The UK’s economy came roaring back in 2021 – that’s the news from the Office for National Statistics (ONS).
In a bulletin released on Friday, ONS figures showed that growth rebounded 7.5 percent – despite an Omicron-induced end of year slow-down. The rate of growth was the fastest recorded since 1941.
The Chancellor of the Exchequer, Rishi Sunak, hailed the economy saying it had been ‘remarkably resilient’. Mr Sunak also said that he was ‘proud of the resolve the whole country has demonstrated, and proud of our incredible vaccine programme which has allowed the economy to stay open.’
The news of Britain’s economic resurgence will be a boost for the government as it continues to plot a way through the tail end of the COVID crisis. Last week, the Prime Minister, Boris Johnson, announced that the requirement to self-isolate after a positive test will be scrapped if infection rates continue to hold steady. The announcement is widely seen as a keystone in the government’s desire to shift the emphasis from battling COVID to learning to live with it.

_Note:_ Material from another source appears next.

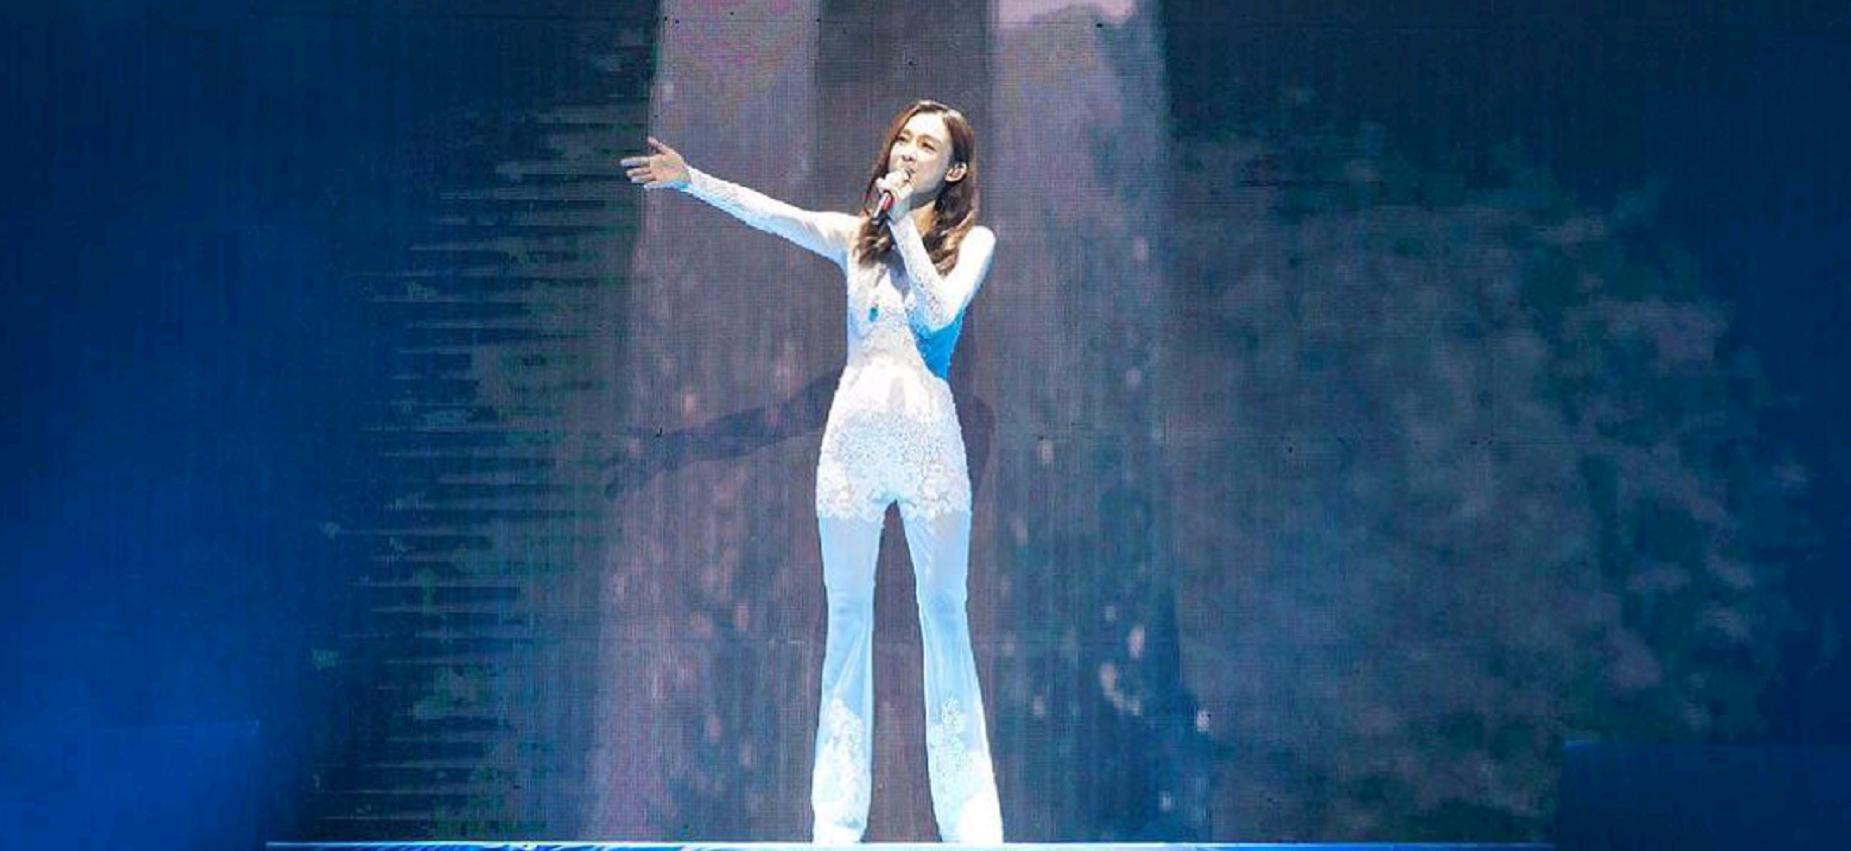 范玮琪世界巡回演唱会杭州站即将开唱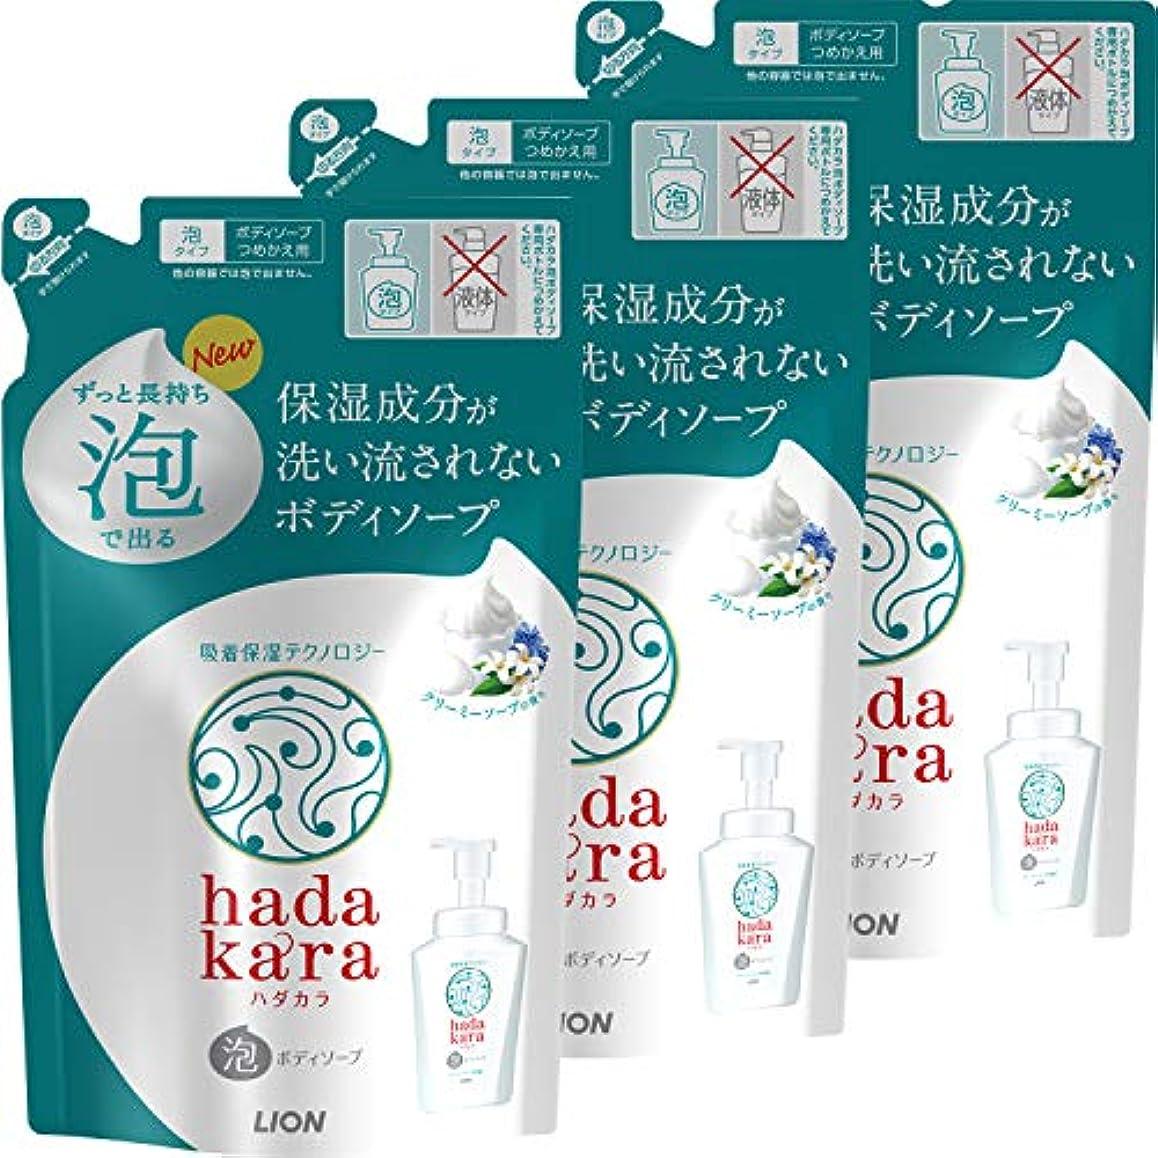 通り抜ける豆軍団hadakara(ハダカラ) ボディソープ 泡タイプ クリーミーソープの香り 詰替440ml×3個

At the same time, the wind of change is blowing through the jobs market, as the country experiences soaring vacancy rates that are driving a shift in power from employers to employees. The surge in demand is thought to be a product of the reopening of the economy after COVID had removed people from the workforce – either through a drop in numbers entering the country or through older workers leaving the workforce altogether.
The Workers Union Says…
The news that the UK’s economy came out punching last year is a testament to the enduring power of the British people. Their never say die attitude, work rate and commitment is the defining force in the struggle to return the country to pre-pandemic levels. British workers, so often caricatured as lagging behind their G7 counterparts in productivity and ingenuity, have shown themselves to be far more worthy of oil on canvas than lazy pen portraits.
But we must guard against complacency. Our economic growth must be seen in the context of the 9.4 percent collapse in 2020. The storm clouds of inflation and a sharp increase in the cost of living are gathering.
While we are not out of the darkest part of the woods yet, there’s no doubt that we’re heading in the right direction. The government has done a good job of juggling the health of the nation with the economic imperatives required to sustain it. None of this was or is easy, but the decision to launch a road map to reopening last year is starting to look like the correct one in the context of 2022.
Now, despite the size of the challenges we face, there are good reasons to be optimistic. Jobs are plentiful, there are encouraging signs that the UK economy will continue to grow, and Britain looks set fair to embrace the task of adopting the new technologies and working practices that will define the winners and losers as the “long 20th-century” finally draws to a close.